The Telegraph continues to re-invent itself with bleeding-edge web technology by announcing yesterday that it plans to become an OpenID provider by the end of February. The newspaper will be the first in the world - and the first British media company - to provide OpenID logins and the news came on the same day as Yahoo! announced their plans to do the same.
What this means for the Telegraph’s users is that they will have to remember fewer passwords in future and find it easier to move seamlessly between other OpenID sites (other sites include the well-known conservative hang-outs Digg and Blogger). OpenID provides users with a sort of passport (not be confused with Microsoft Password, which was an earlier, proprietary and therefore evil attempt to do this).

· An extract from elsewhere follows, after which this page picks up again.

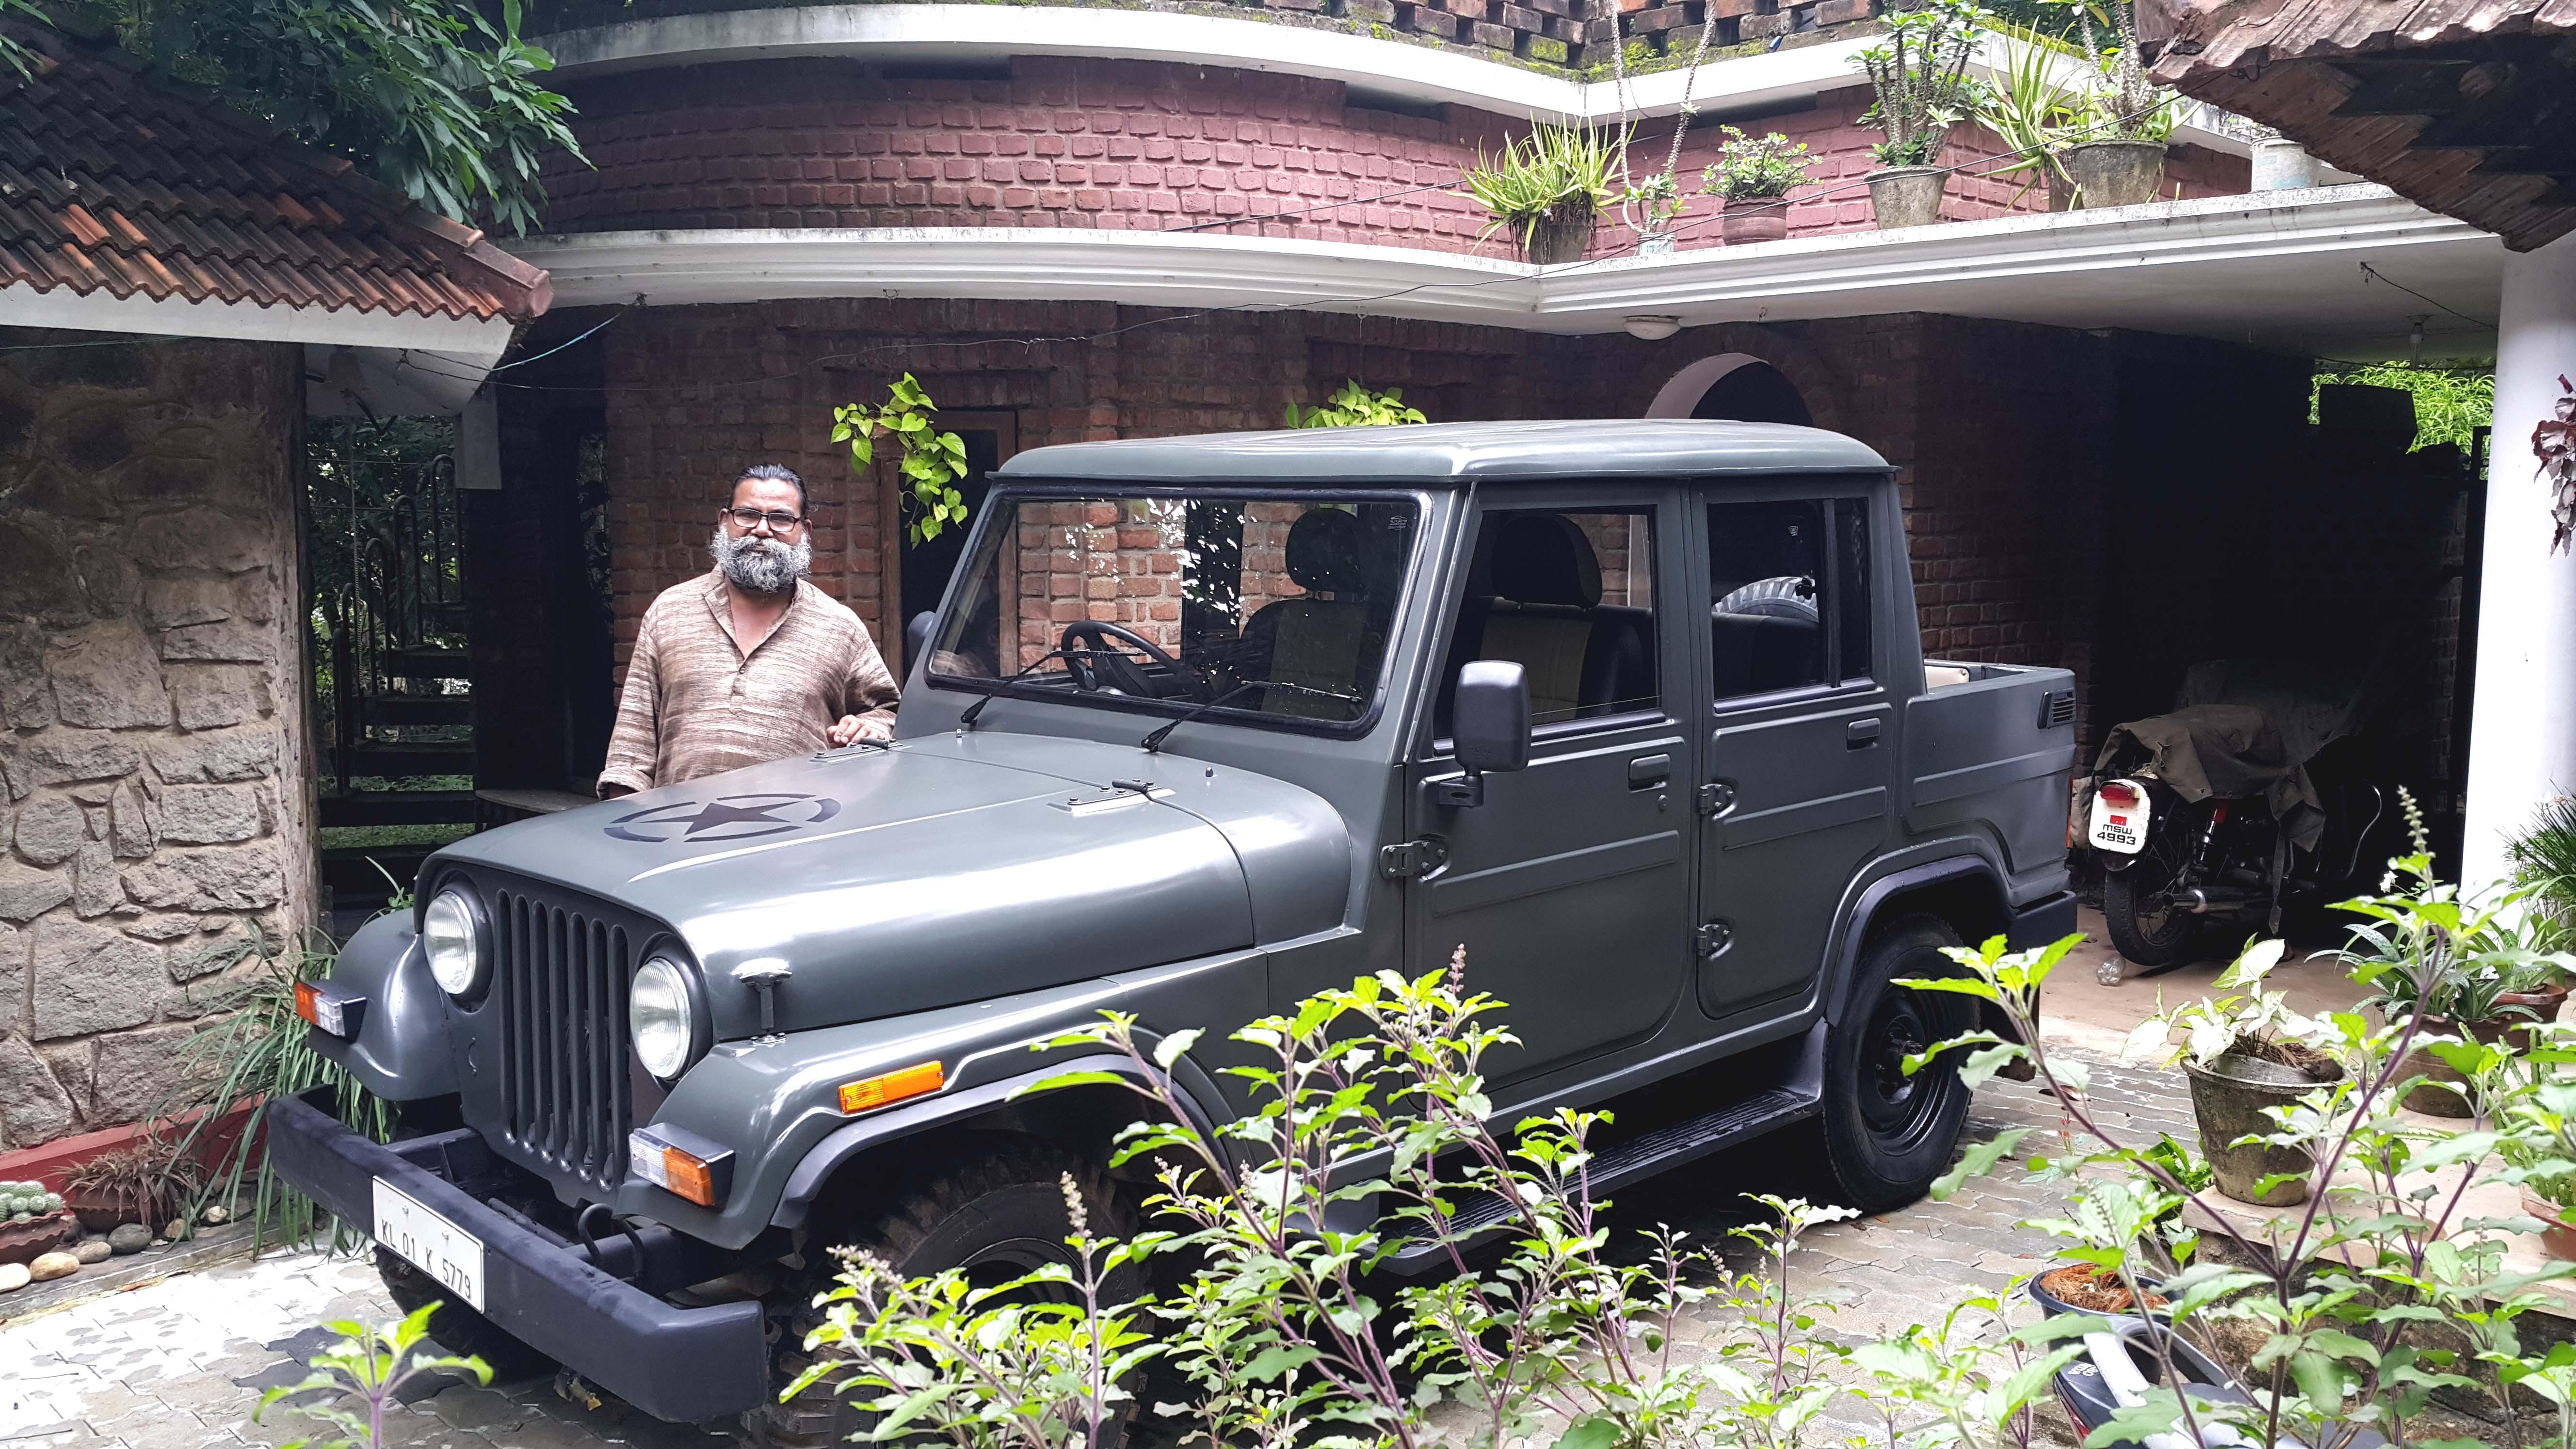 file:altration jeep commander - wikimedia commons

Reaction from Telegraph users themselves has been been muted. The news at Shane Richmond’s blog was received in characteristically crotchety fashion:
Web interoperability, identity and data portability and open standards are all white hot issues for 2008, and The Telegraph have stolen a march on competitors with this announcement. It will certainly create a buzz in the UK media blogosphere and it will benefit The Telegraph’s users as more sites sign up to OpenID. It also solves the Telegraph’s single sign-in challenge, a problem caused by having lots of websites running on different technologies. But actually, given the Telegraph’s elderly online demographic, having to remember fewer passwords may well be a ‘killer app’ in its own right.